For those of us who have "Street Gang", Jon Stone was frustrated (and rightly so) about the show being "dumbed down" to compete with that horrible purple...He-Who-Must-Not-Be-Named. I wish that I could read Stone's memoirs...

As for the purple tumor, Caroll Spinney mentioned in an interview that the other show really hurt Sesame Street because they were better at selling toys than Sesame.

JustinHuskie, you might find this thread interesting. It's old, but it might answer your question to some extent.

http://www.muppetcentral.com/forum/threads/my-theory-on-elmo.18087/#post-348650

You might also want to read the thread about "The Street We Live On", a special which aired some time ago:

http://www.muppetcentral.com/forum/threads/your-thoughts-the-street-we-live-on.12060/

Just something to add, the popularity of Elmo also hurt those who call themselves fans of Jim Henson and want to be taken seriously. The era between the end of "The Muppet Show" and let's say the Muppet video of "Bohemian Rapshody" was a difficult time for Muppet fans. During that time, the regular Joe would see two things regularly on TV associated with Jim Henson: Muppet Babies and Elmo.

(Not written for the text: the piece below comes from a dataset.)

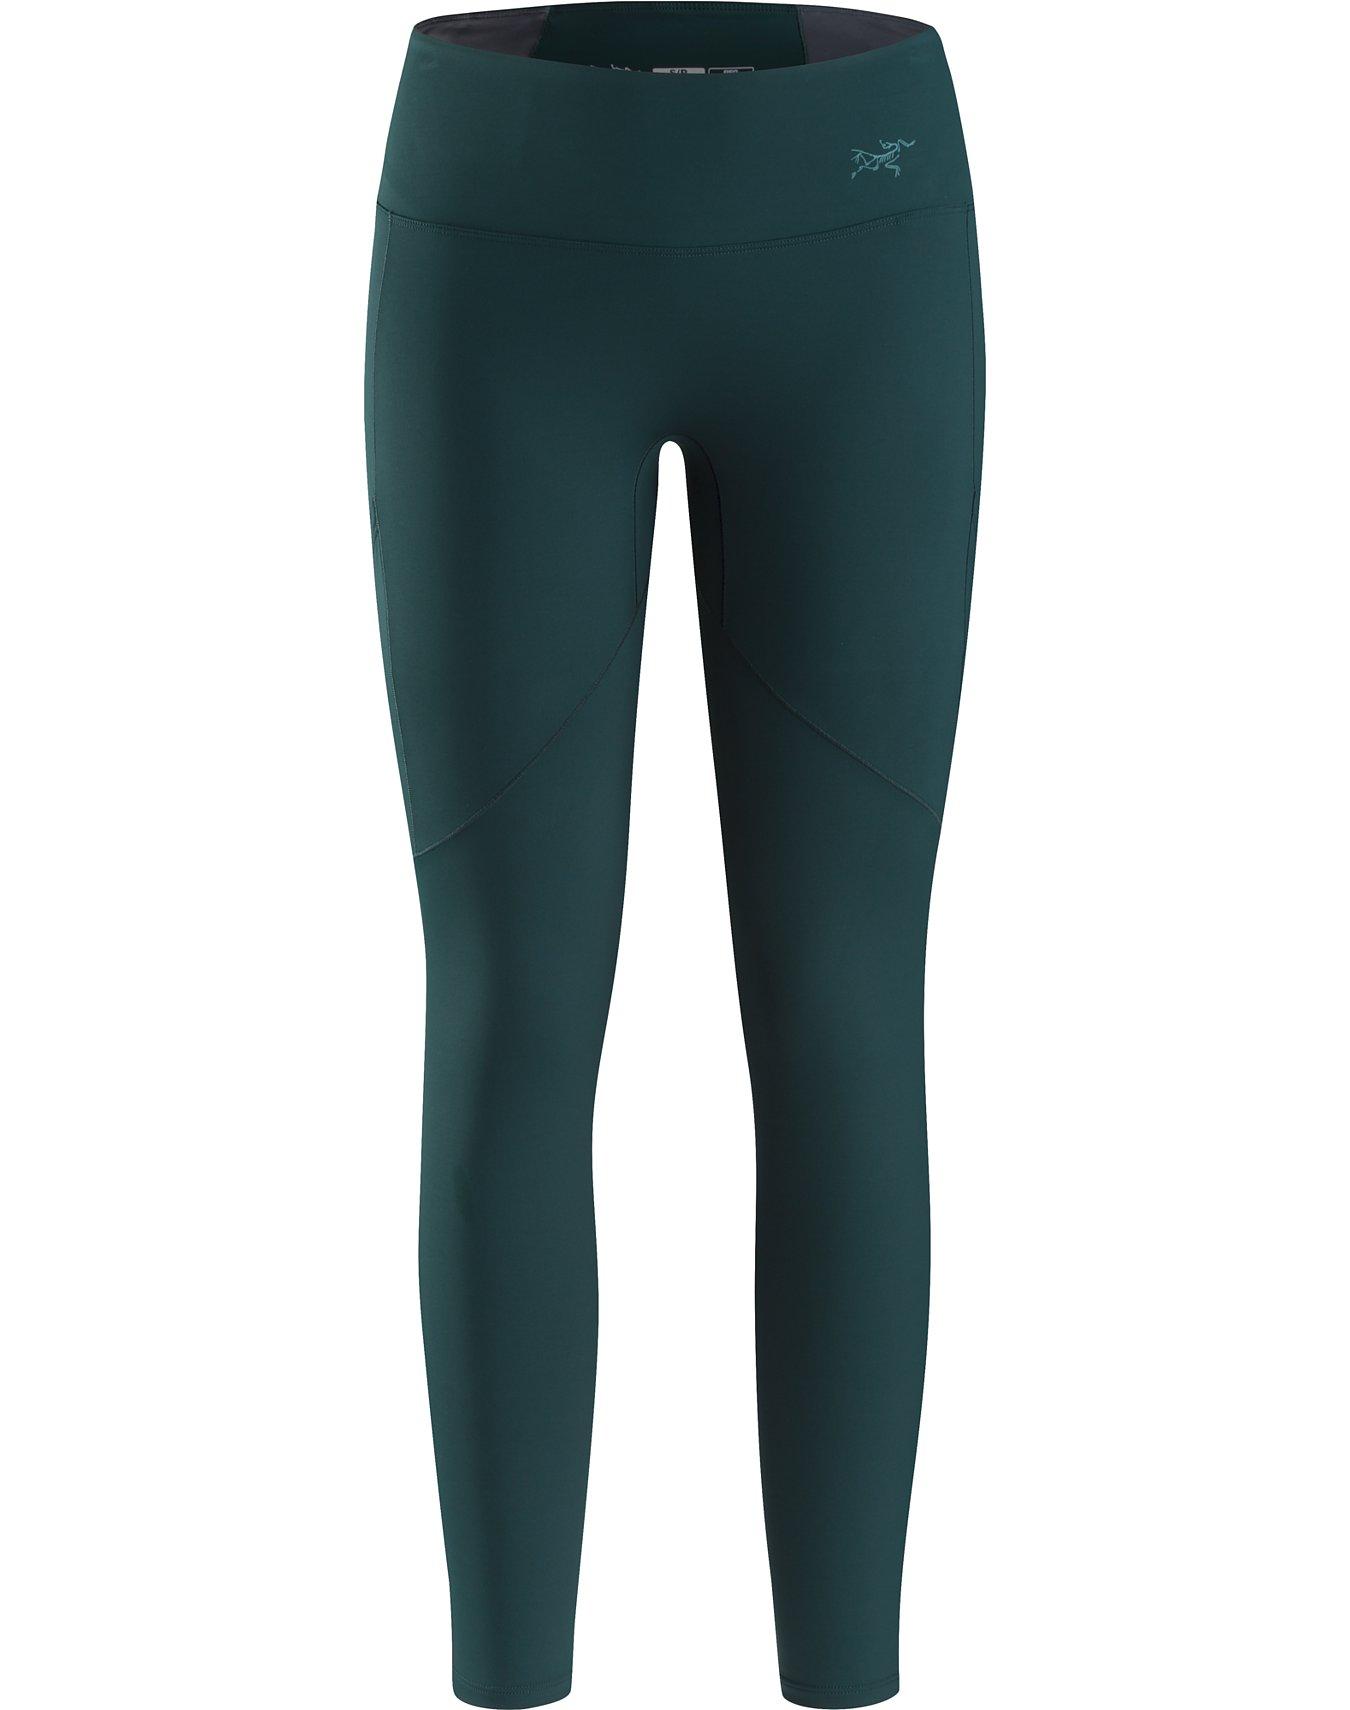 Nike Sportswear Leg A See Damen Leggings mit hohem Bund (große Größe)

So therefore, the casual fan had this set of simple equations:

Jim Henson="The Sesame Street Guy"
Sesame Street=Elmo
Muppets=Muppet Babies

Elmo+Muppet Babies=kids' entertainment

Therefore:

Jim Henson=a preschool entertainer and nothing else

Now, the Muppets=Muppet Babies reasoning isn't as true as it used to be. This is in part to the viral videos, the latest film and even Muppet Treasure Island helped to sway the adult audience back to the Muppets. Also Muppet Babies hasn't been on TV in a while.

Sesame Street has never taken a break. It's always been on since 1969. However, since Elmo's rise to popularity in 1993-ish and onward, he's guaranteed to be in every single episode. If Elmo is given the chance to be more of a three-dimensional child, such as Big Bird, then the deeper, more eloquent lessons about life can be taught on Sesame. The Good Birds Club episode was a brilliant lesson in self-acceptance, pride and not giving in to bullying. Kids will benefit way more than this than 15 minutes about "hands" or "hats".

Kids are smarter than what we give them credit for. Leaf through the catalog of Joe Raposo and Jeff Moss songs and you will find an array of beautiful music dealing with all kinds of topics in a wide variety of music styles. This is just one aspect of Sesame Street's brilliance. (While you're at it, please read the poetry books of Jeff Moss..."The Other Side of the Door" and "The Butterfly Jar"). These pieces educate, entertain and encourage kids to think, wonder and discover.

Compare this to one word sung over and over again to the tune of "Jingle Bells". I agree with what Frank Oz said about Sesame Street a while back...because let's face it, he's right.

Sesame Street did wonders when it came to teaching subjects of basic humanism without insulting or talking down to the audience. Sesame Street was designed from the beginning to introduce kids to the world, to teach them about things they didn't know.

Even little kids already know what feet, hands or any of the other Elmo's World topics are. In Sesame's "magazine format", when a song about one of these topics would pop up, it was OK. It was once in a while, not a 15 minute block of time every single day.

You'll find that there's a lot of people here who have a lot to say about "the red menace".